Addenda: Feb. 12, 2009

 

Pros and Cons of the Transfusion Service Laboratory being located in an open area of the Core Laboratory

A colleague in South Carolina reports that their core laboratory is in the process of doing "LEAN" renovations. Plans include moving the Blood Bank/Transfusion Service Laboratory to the back of the new Core Laboratory, which will be in an open area with the Core Laboratory. They presently (and always have been) in a "closed" area in the Lab, due to noise levels, distractions, etc. They are a 500-bed facility that services trauma, OB, NICU, open hearts, and reference workups from smaller surrounding hospitals. Of special interest is the fact that their blood bank staff have not been involved as part of the LEAN process. The inquiring South Carolinian would appreciate comments or opinions about the Blood Bank being in an "opened" area.


The following comments have been received.

ADDENDA February 12, 2009

  1. A colleague in Kansas reports that his blood bank laboratory was moved into a back corner of their main lab about five years ago with all the usual dire predictions of distractions, including fear of overheating and excessive noise due to the proximity to the refrigerator compressors, etc, etc. To the contrary, in the opinion of the respondent, the redesign has worked out reasonably well, and has made cross-training on '2nd shift' and on '3rd shift' possible with accompanying FTE reductions. Several years ago this same institution moved enough of its Micro staff into the same main lab to do Gram stains and cultures on 2nd shift and 3rd shift. Now staff can see when someone in another department is drowning in work and can move over to help as needed, then go back to their initial assignment when the crisis is over. All ten of the staff on 2nd shift, and all five of the staff on 3rd shift are in the one large room, permitting better overall coverage.
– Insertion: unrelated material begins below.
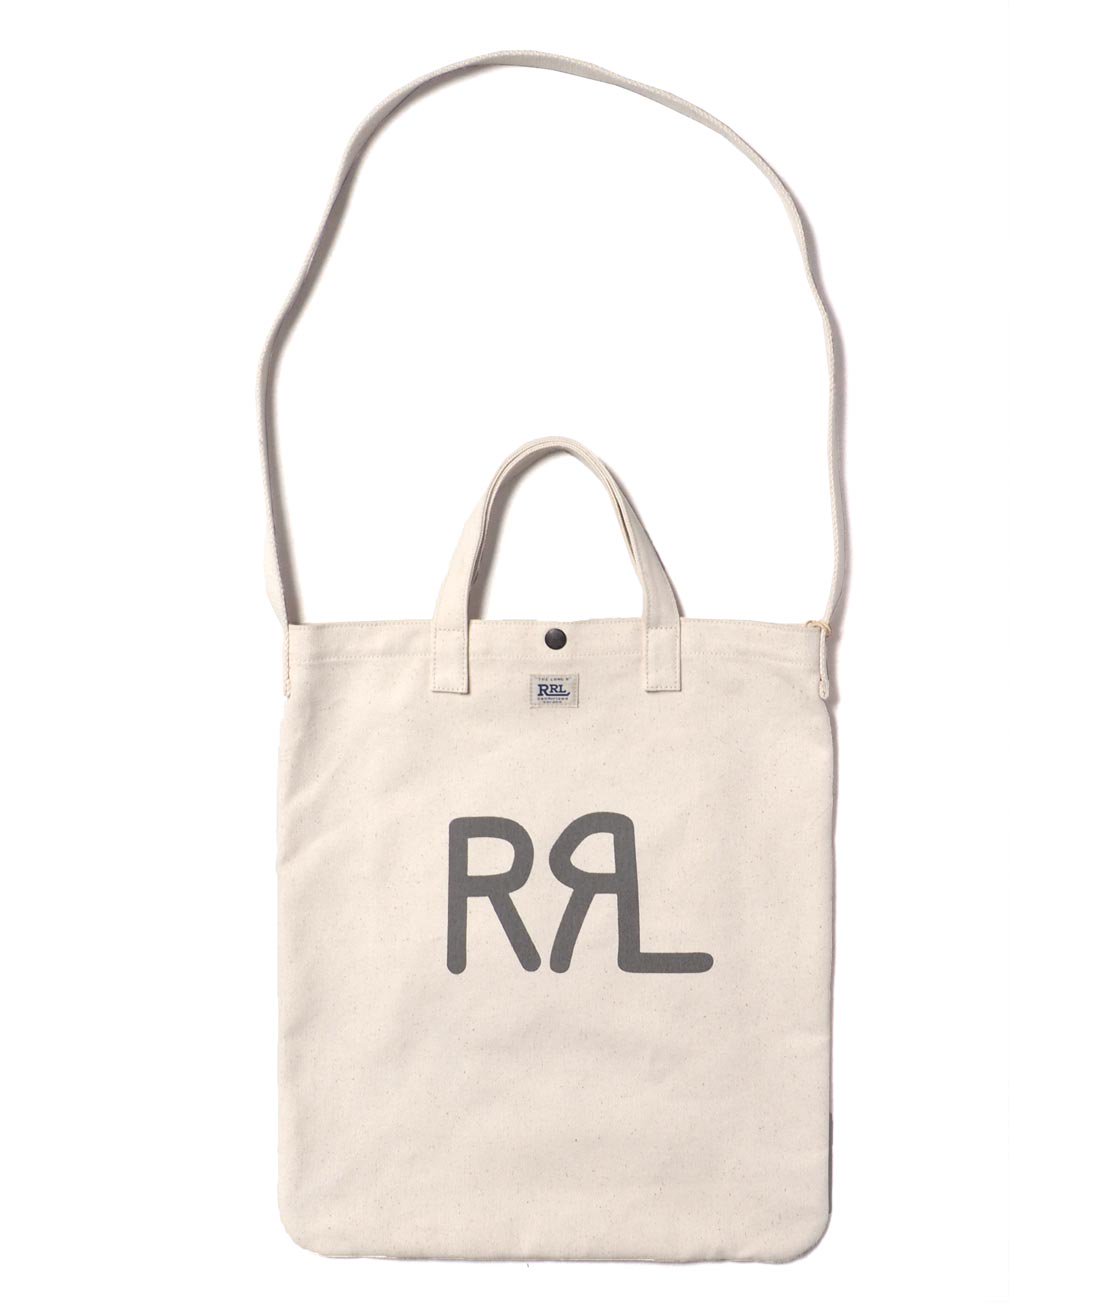 RRL】SEEDED CANVAS MARKET TOTE - NATURAL マーケットトート バッグ
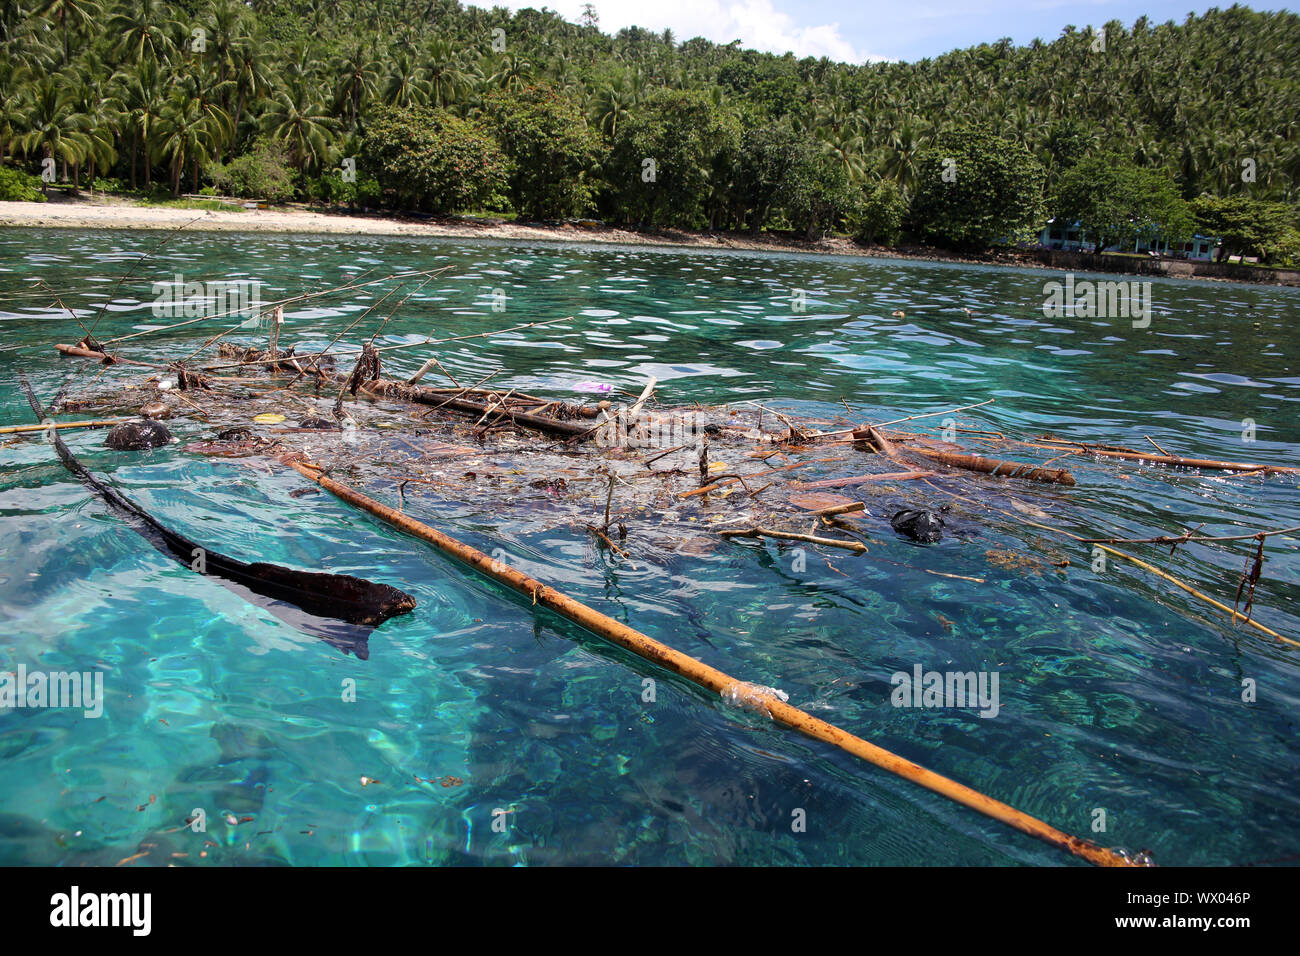 Flotsam collects in a bay off the coast of Panaon Island Stock Photo

  2. A Blood Bank Supervisor in Arkansas reports that her 300 bed hospital blood bank moved from an enclosed blood bank to a new hospital and open area lab. After a year of being in the open and too small a space, they were able to design a new lab and move into a newly built tower with an enclosed blood bank. They did not have any known major errors while working in the open space, but in the supervisor's opinion, work was less than efficient; they had to take extra time to focus on their work, and clerical errors were evident due to increased interruptions. They have been in their current enclosed blood bank lab space for the past five years. In that time they implemented a new computer system, a blood bank instrument, new refrigerators and increased workloads. In her opinion, this would not be a safe situation if they had stayed in the open space.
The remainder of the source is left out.